BACKGROUND: Liver is the most frequently injured intraabdominal organ following abdominal trauma. Liver injury in polytraumatized patients can vary from minor contusions to major lacerations and is associated with morbidity and mortality. The objective of this study was to evaluate the outcome of liver injury in polytraumatized patients.

METHODS: Only surgically treated 82 patients with liver injury over an eight year period (2005-2013) were included in this study and analyzed retrospectively. Data collected included demographics, laboratory findings, intraoperative findings, operative management, and outcome. The patients were divided into two groups and the mortality and survival data were compared.

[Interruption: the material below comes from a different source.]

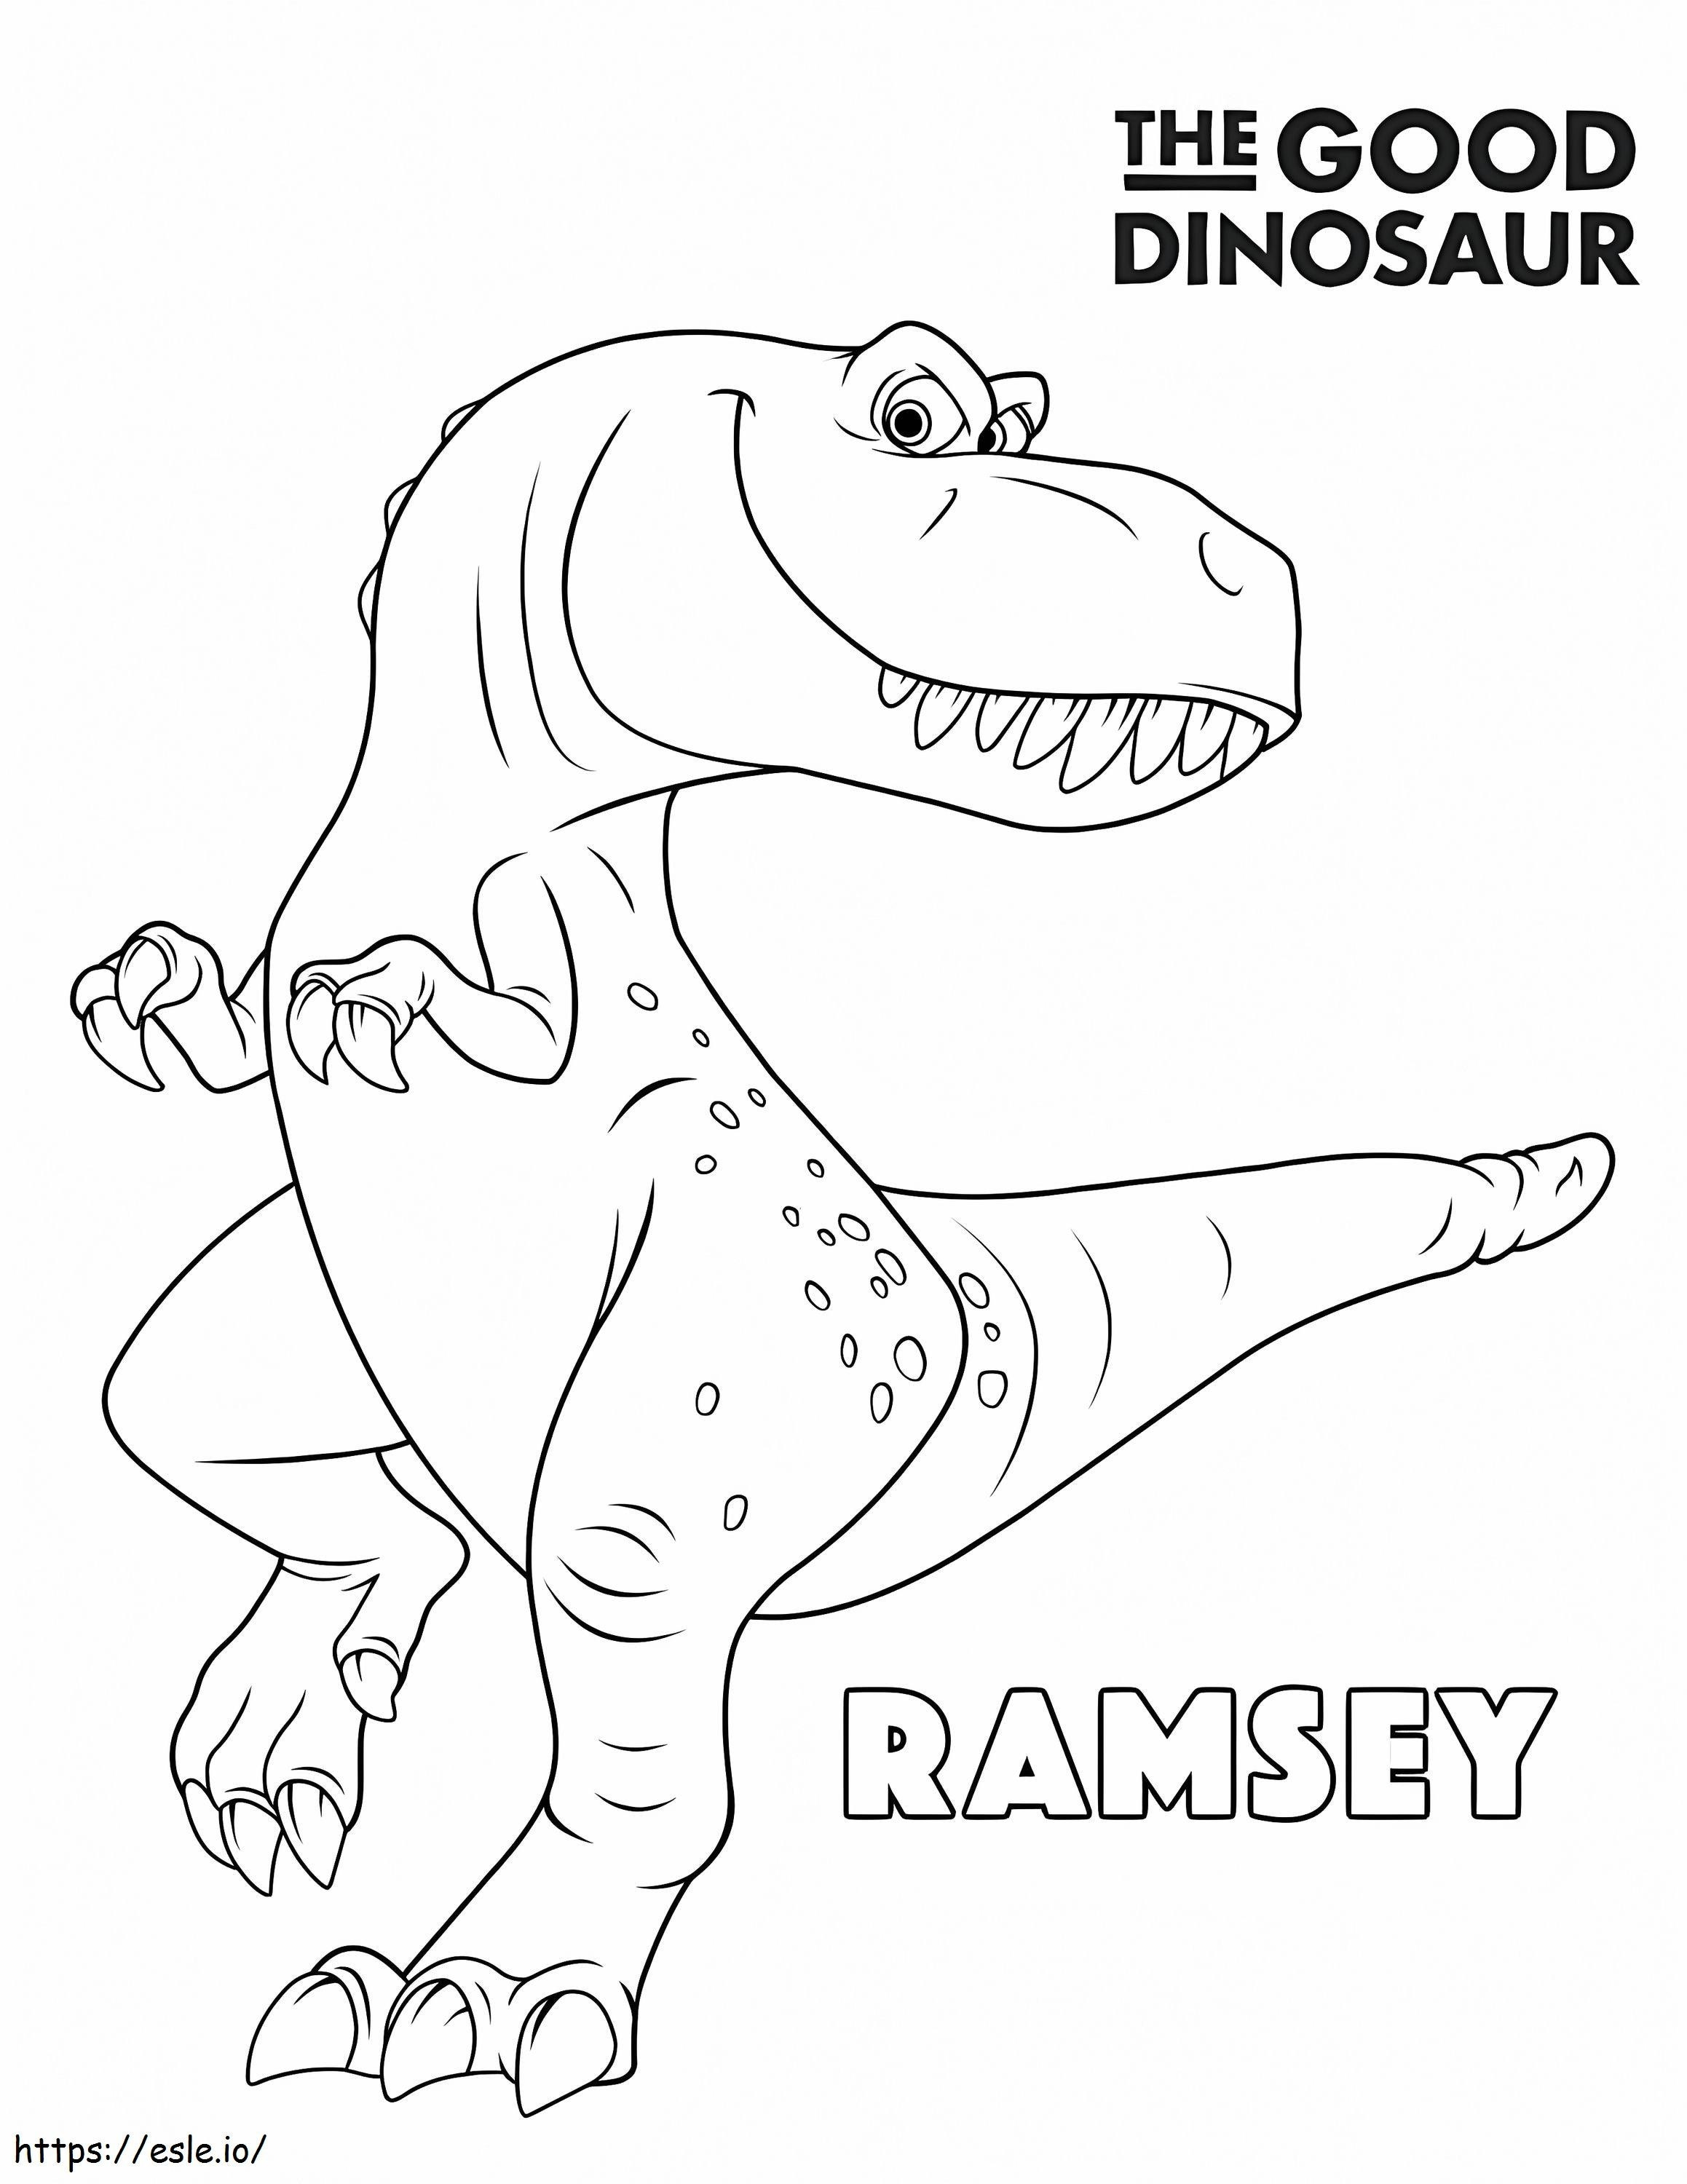 Ramsey From The Good Dinosaur coloring page

RESULTS: The overall mortality rate was 18.3% (15 of 82 patients). 34 (41.5%) patients had blunt, forty-eight (48.5%) had penetrating trauma. There were multiple traumas in forty-seven (57%) patients. Forty-seven (57%) patients had total of seventy one coexisting intraabdominal injuries. Forty-six (56.1%) patients had stable and thirty-six (43.9%) had unstable hemodynamics on admission. In mortality group AST, ALT, LDH, APTT, PT, INR, and creatinine levels were high, fibrinogen levels and platelet counts were low on admission.

CONCLUSION: Hemodynamic instability, coexisting musculoskeletal and chest injury, high APTT, PT, INR, AST, ALT, LDH levels, and low fibrinogen levels and platelet counts on admission should be considered as predictive factors for mortality.